Уходя, весело блеснул лоснящимися от пота и масла крепкими щеками:

—        Это только кажется, что мир так уж велик. А на самом деле на всей планете, как на нашем острове, все мы друг с другом—соседи.

В неприютном Бискайском заливе «Витязь» попал в жестокий шторм. Один из членов нашей экспедиции получил тяжелую травму, и судно на форсированном режиме машины торопилось к берегам Англии. Стоянка в Дувре неожиданно затянулась, это позволило нам съездить в Лондон. Группа наших ученых намеревалась посетить знаменитый Британский музей, чтобы встретиться там с английскими коллегами. К ним присоединился и я.

Принимал нас директор музея доктор Р. Н. Хэдли. Как требовали приличия, наши ученые обменялись с Хэдли и его сотрудниками короткими, но велеречивыми спичами о пользе международного научного сотрудничества, а также обмена научными книгами. Я достал бланк с текстом радиограммы, полученной от друзей, и рассказал об их экспедиции. Когда текст радиограммы был переведен на английский, наши хозяева одобрительно закивали... «Бороться и искать...» Слова эти знает в Англии каждый школьник. Потом пришлось рассказать о своем давнем походе в Антарктиде на мыс Армитедж, о галетах Скотта, о Паустовском...
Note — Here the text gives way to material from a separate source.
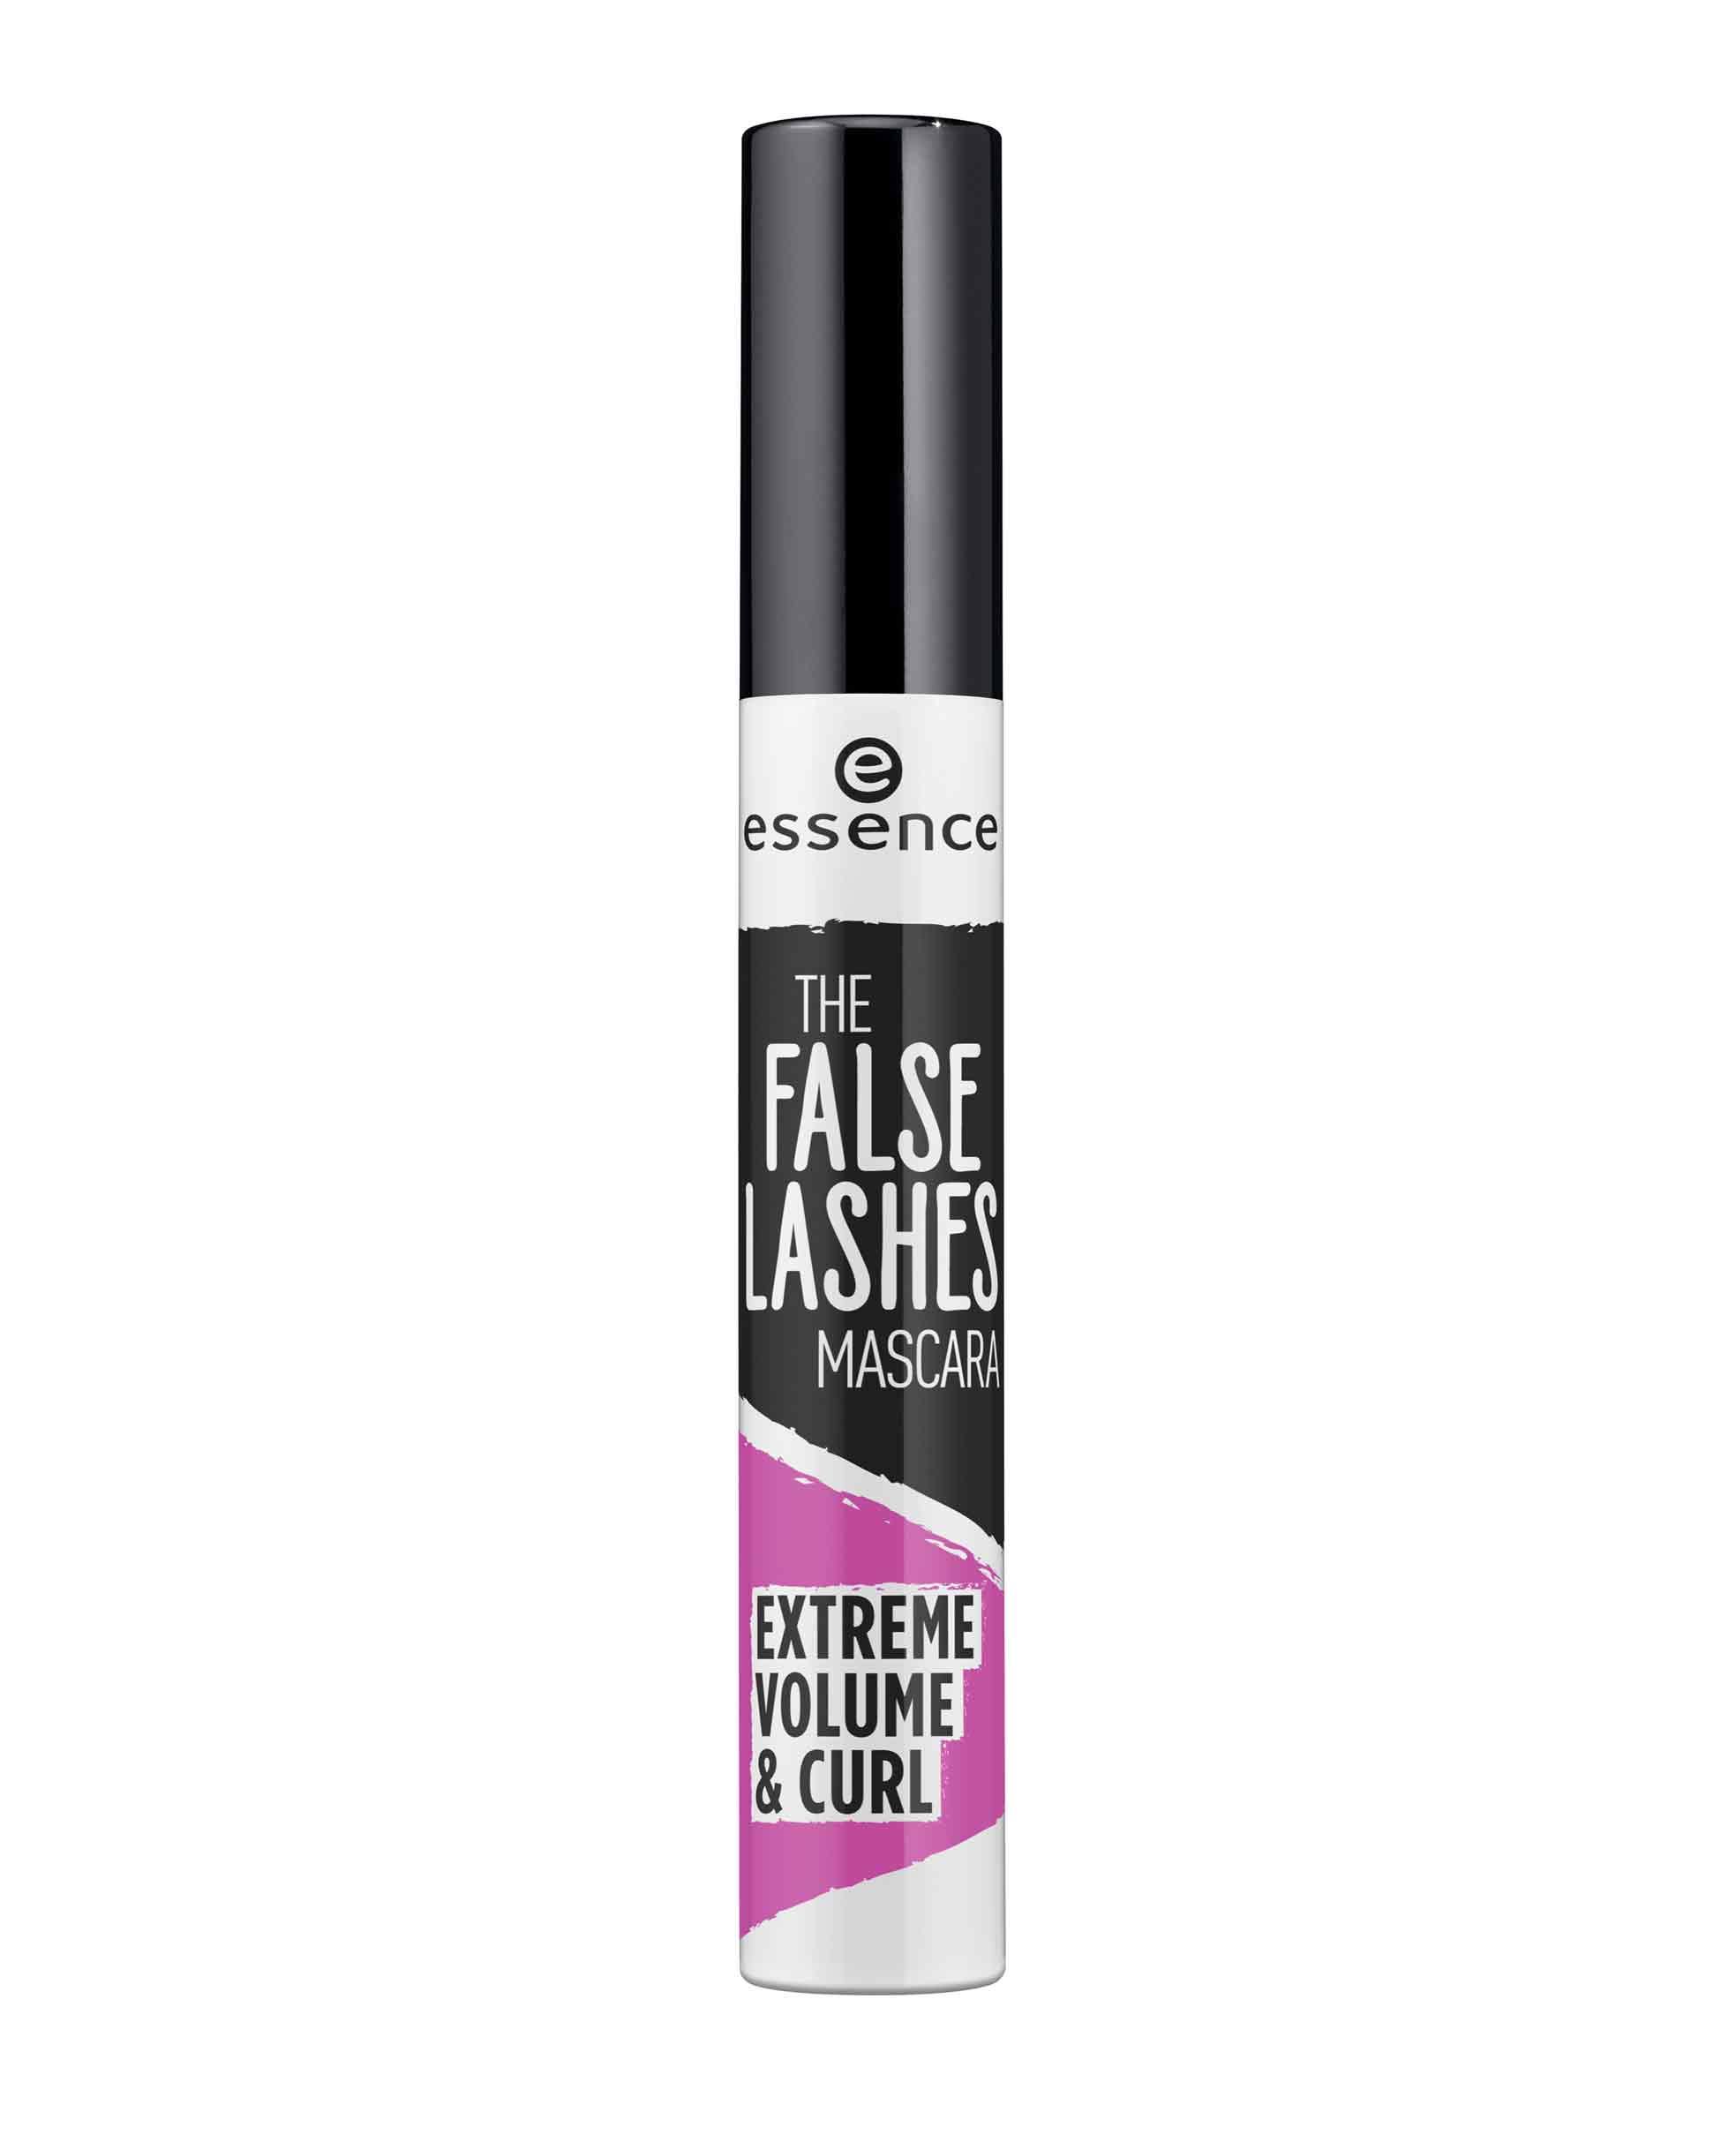 Essence The False Lashes Mascara Extreme Volume & Curl

Видимо, и радиограмма, и мой рассказ произвели впечатление, потому что мне оказали высокую честь: пригласили в самую заповедную часть музея—его библиотеку. Моим патроном в экскурсии оказался высокий седой человек с благообразной, но неподкупной внешностью хранителя реликвий. Вид у него был классически английский, с первого взгляда мне показалось, что он наглухо застегнут не только на все пуговицы пиджака и жилетки. Но мистер М. Роуландс оказался живым, улыбчивым, доброжелательным человеком. От старомодного английского стиля была в нем лишь некоторая церемонность и значительность жестов в те минуты, когда со связкой таинственно позвякивающих ключей он вел меня в святая святых—хранилище архивов музея.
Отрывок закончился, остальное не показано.